Hydrogen- and oxygen-driven interconversion between imido-bridged dirhodium(III) and amido-bridged dirhodium(II) complexes.

The reaction of [Cp*RhCl(2)](2) (Cp* = eta(5)-C(5)(CH(3))(5)) with 2 equiv of p-toluenesulfonamide in the presence of KOH resulted in the formation of the sulfonylimido-bridged dirhodium(III) complex [(Cp*Rh)(2)(mu-NTs)(2)] (1a; Ts = SO(2)C(6)H(4)CH(3)-p). The imido complex 1a reacted with hydrogen donors such as H(2) and 2-propanol to give the sulfonylamido-bridged dirhodium(II) complex [(Cp*Rh)(2)(mu-NHTs)(2)] (2). Treatment of the (amido)rhodium(II) complex 2 with O(2) regenerated the (imido)rhodium(III) complex 1a. Complex 1a also underwent reversible protonation to afford the cationic amido- and imido-bridged dirhodium(III) complex [(Cp*Rh)(2)(mu-NHTs)(mu-NTs)](+) (4), which further reacted with H(2) or 2-propanol to give the (hydrido)bis(amido)dirhodium(III) complex [(Cp*Rh)(2)(mu-H)(mu-NHTs)(2)](+) (5).
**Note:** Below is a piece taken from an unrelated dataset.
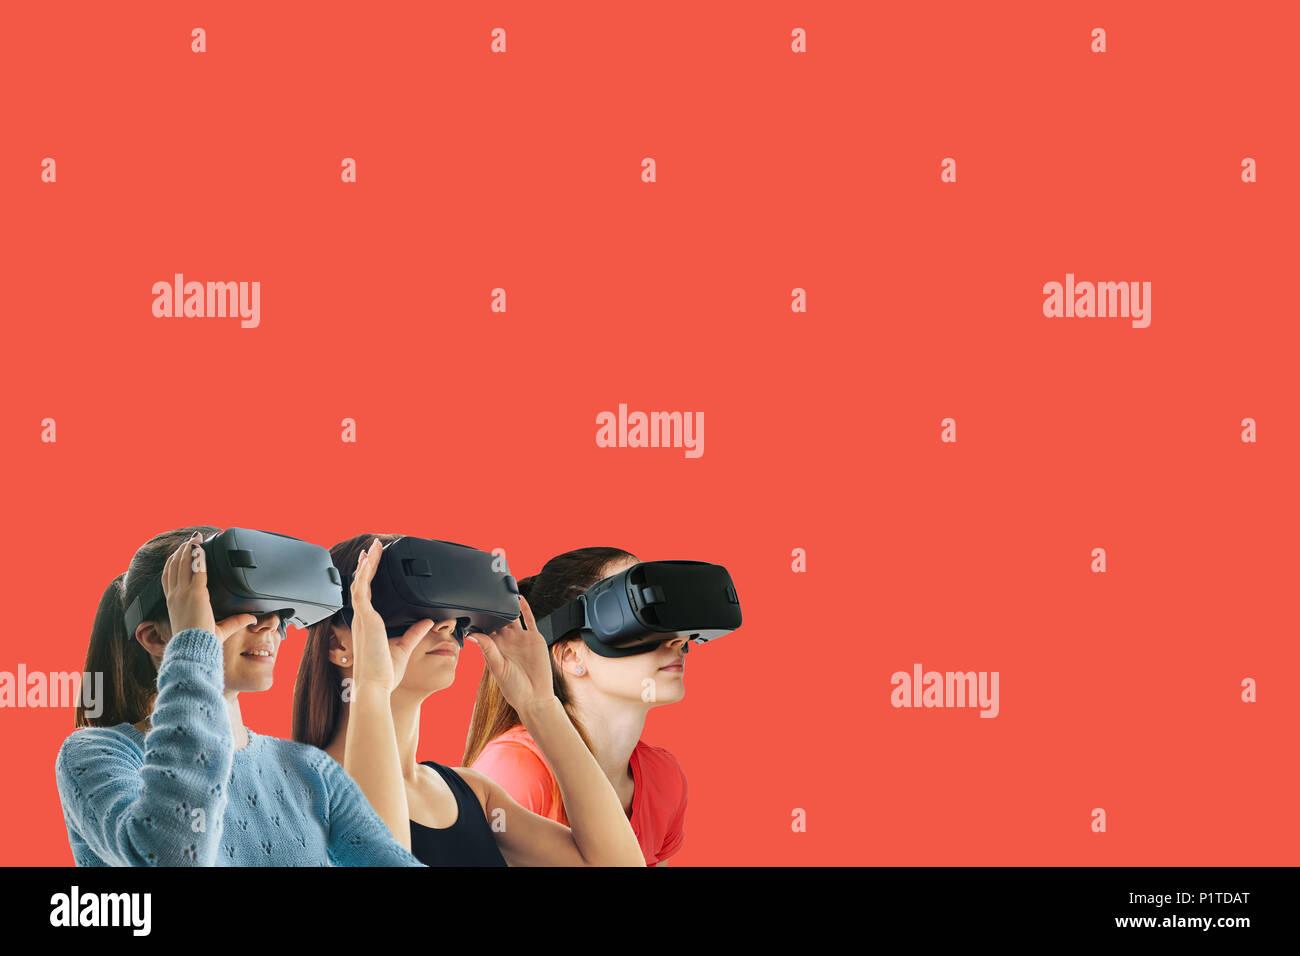 Jóvenes muchachas hermosas en gafas de realidad virtual. El concepto de las tecnologías modernas y las tecnologías del futuro. Gafas VR Imagen De Stock
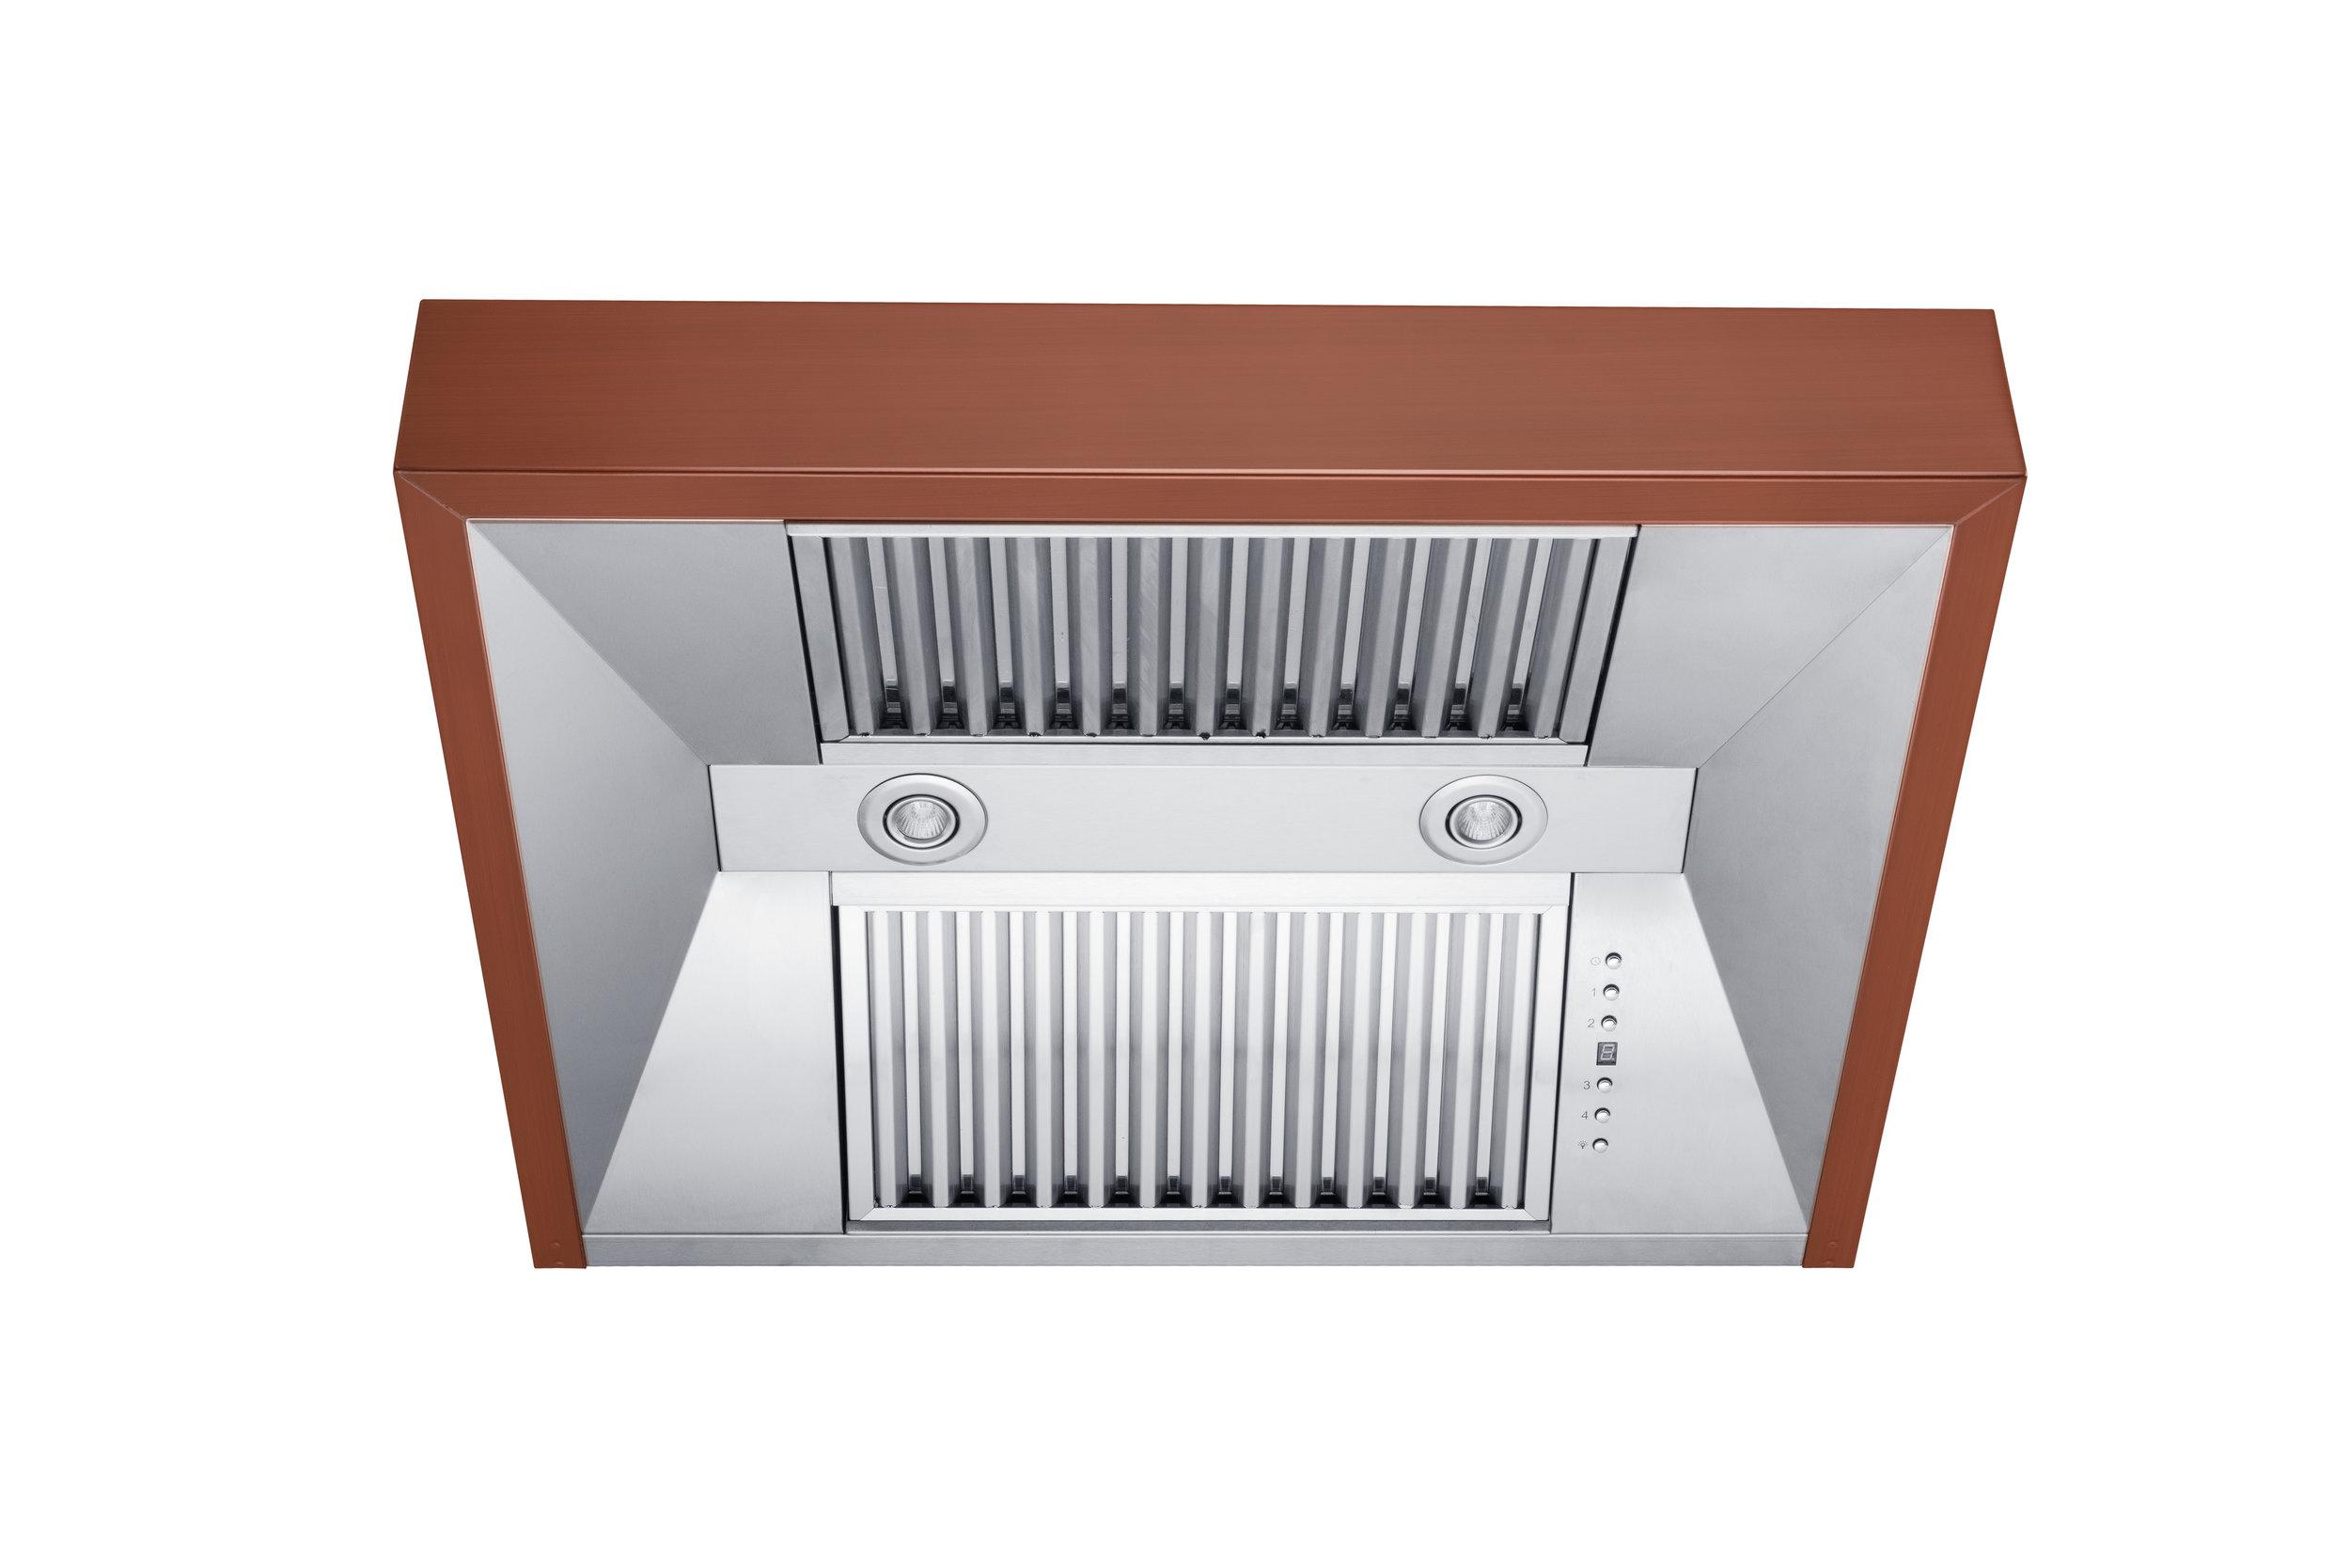 zline-copper-under-cabinet-range-hood-8685C-underneath.jpg

On the basis of DFT calculations and experimental results using 4 and 5, the reaction of 1a with H(2) proved to proceed via heterolytic cleavage of H(2) assisted by the sulfonyl oxygen atom followed by proton migration from the metal center. Furthermore, the redox interconversion between 1a and 2 was applied to catalytic aerobic oxidation of H(2) and an alcohol by using 1a as a well-defined dinuclear catalyst. The iridium complex [(Cp*Ir)(2)(mu-NTs)(2)] (1b) as well as a rhodium complex [Cp*RhCl(2)](2) without bridging imido ligands did not catalyze these aerobic oxidation reactions.